Pues, igual que he dicho que la elaboración del TFG se puede ver perjudicada por falta de contacto con el tutor para la resolución de dudas, también digo que la defensa telemática, a mí, por lo menos, me benefició.

-¿La defensa de tu TFG ha sido la misma que si hubieras podido hacerlo presencial? ¿Cuáles son ahora tus planes de futuro?
Sinceramente, no sé muy bien cómo hubiera sido la defensa presencial de mi TFG. Tal vez más dinámica, debido a la utilización de efectos en la presentación, que me hubieran permitido utilizar lenguaje no verbal durante la defensa en el estrado.
Ahora mismo, mis planes de futuro consisten en seguir formándome académicamente. Espero comenzar un máster en octubre y, poco a poco, ir encontrando mi camino profesional.

-Manda un mensaje de ánimo para todas las personas que se encuentren en tu misma situación.

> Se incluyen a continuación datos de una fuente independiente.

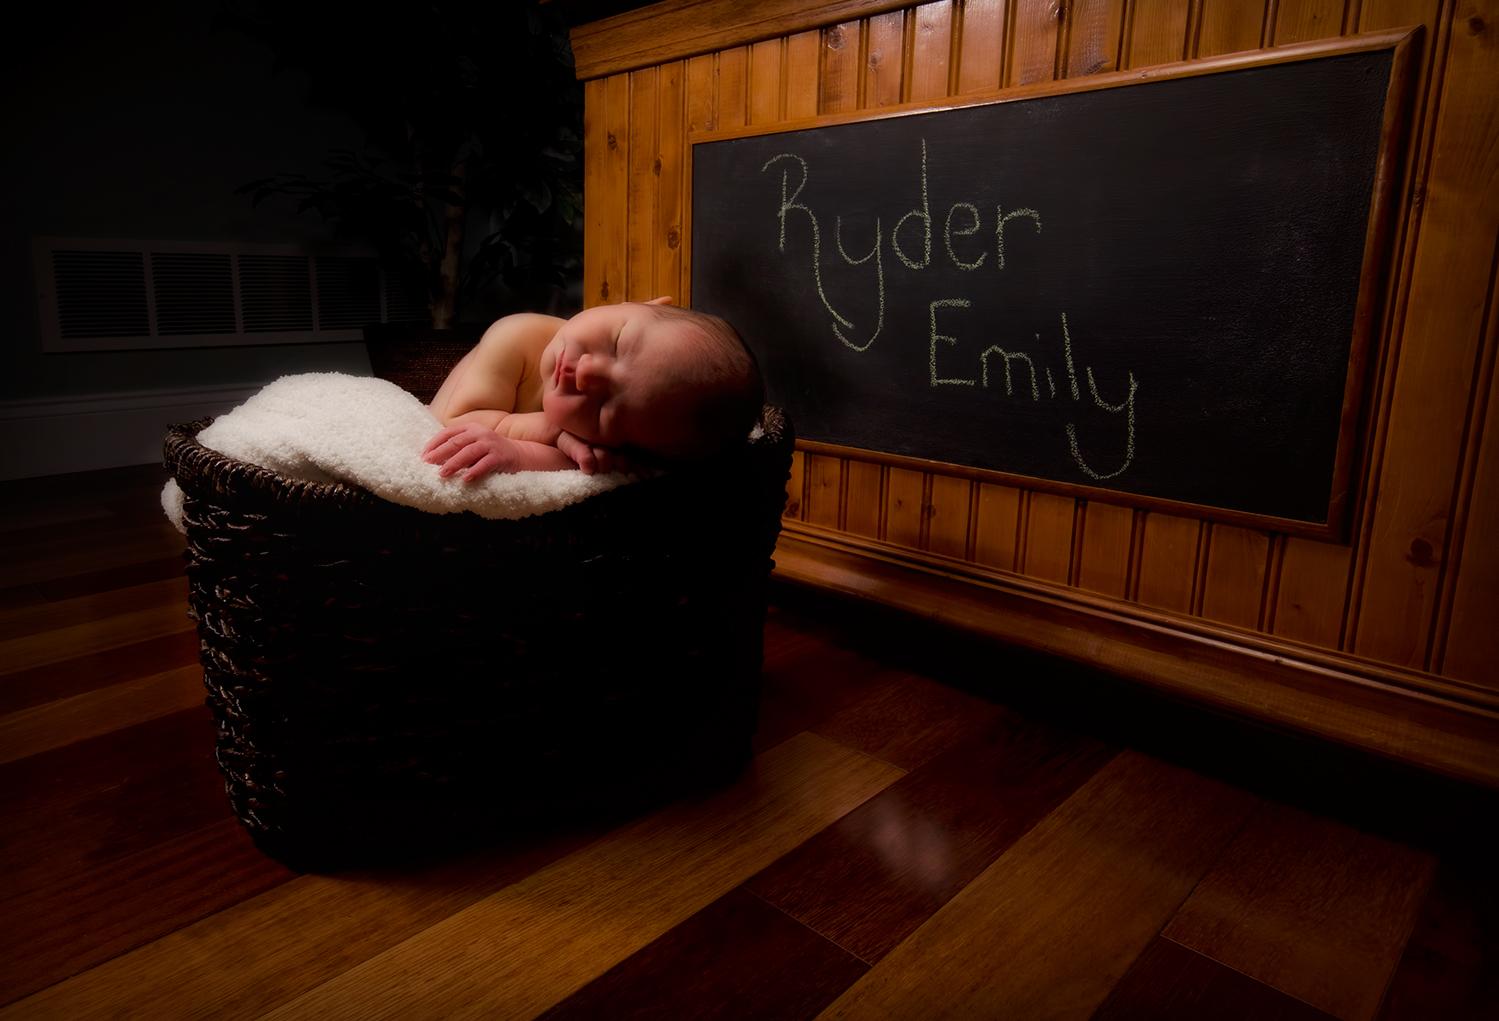 Ryder_Emily_Obst_20110525_0036_in_basket_resting_on_hands_1.jpg
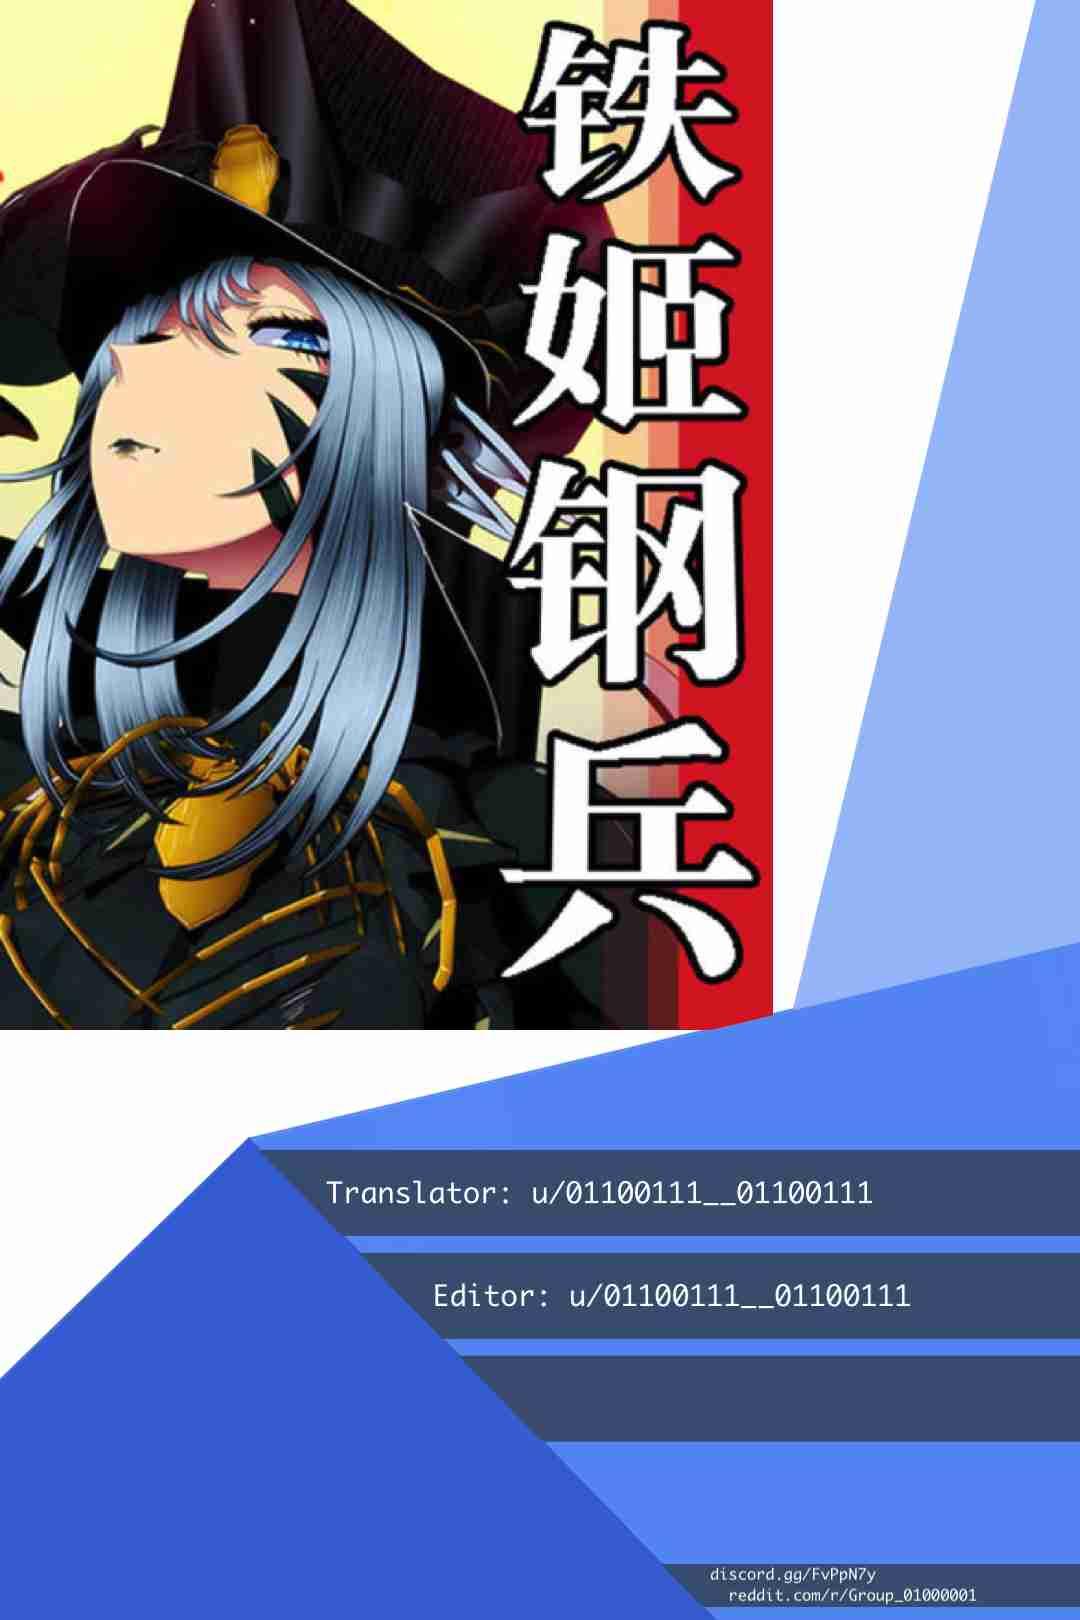 https://manga.mangadogs.com/comics/pic2/59/24443/744276/a7cde78dc3c25e85fa5cba29a6704fbf.jpg Page 1

En general, ante esta situación, debemos ver el vaso medio lleno. Sentirnos afortunados de poder continuar con la elaboración del TFG, de poder realizar una defensa con un tribunal que va a empatizar con nosotros, que conocen bajo qué circunstancias estamos. Sentirnos afortunados de poder acabar el título y de poder seguir mirando hacia adelante. De que nuestra vida académica no se haya paralizado y de que, con el granito de arena que pone cada uno, se pueda salir lo más airoso posible de esta situación.
Estoy segura de que me esperan muchas presentaciones presenciales en mi vida, así como defensas ante tribunales.
Sin embargo, esto me ha permitido saber utilizar un nuevo programa, y poder decir que he sido de las promociones de la UPV del año 2020 que se tuvo que adaptar rápidamente, trabajando codo a codo con su tutor, para sacar esto adelante.
Y que lo hicimos.
Así que yo, al menos, me siento afortunada.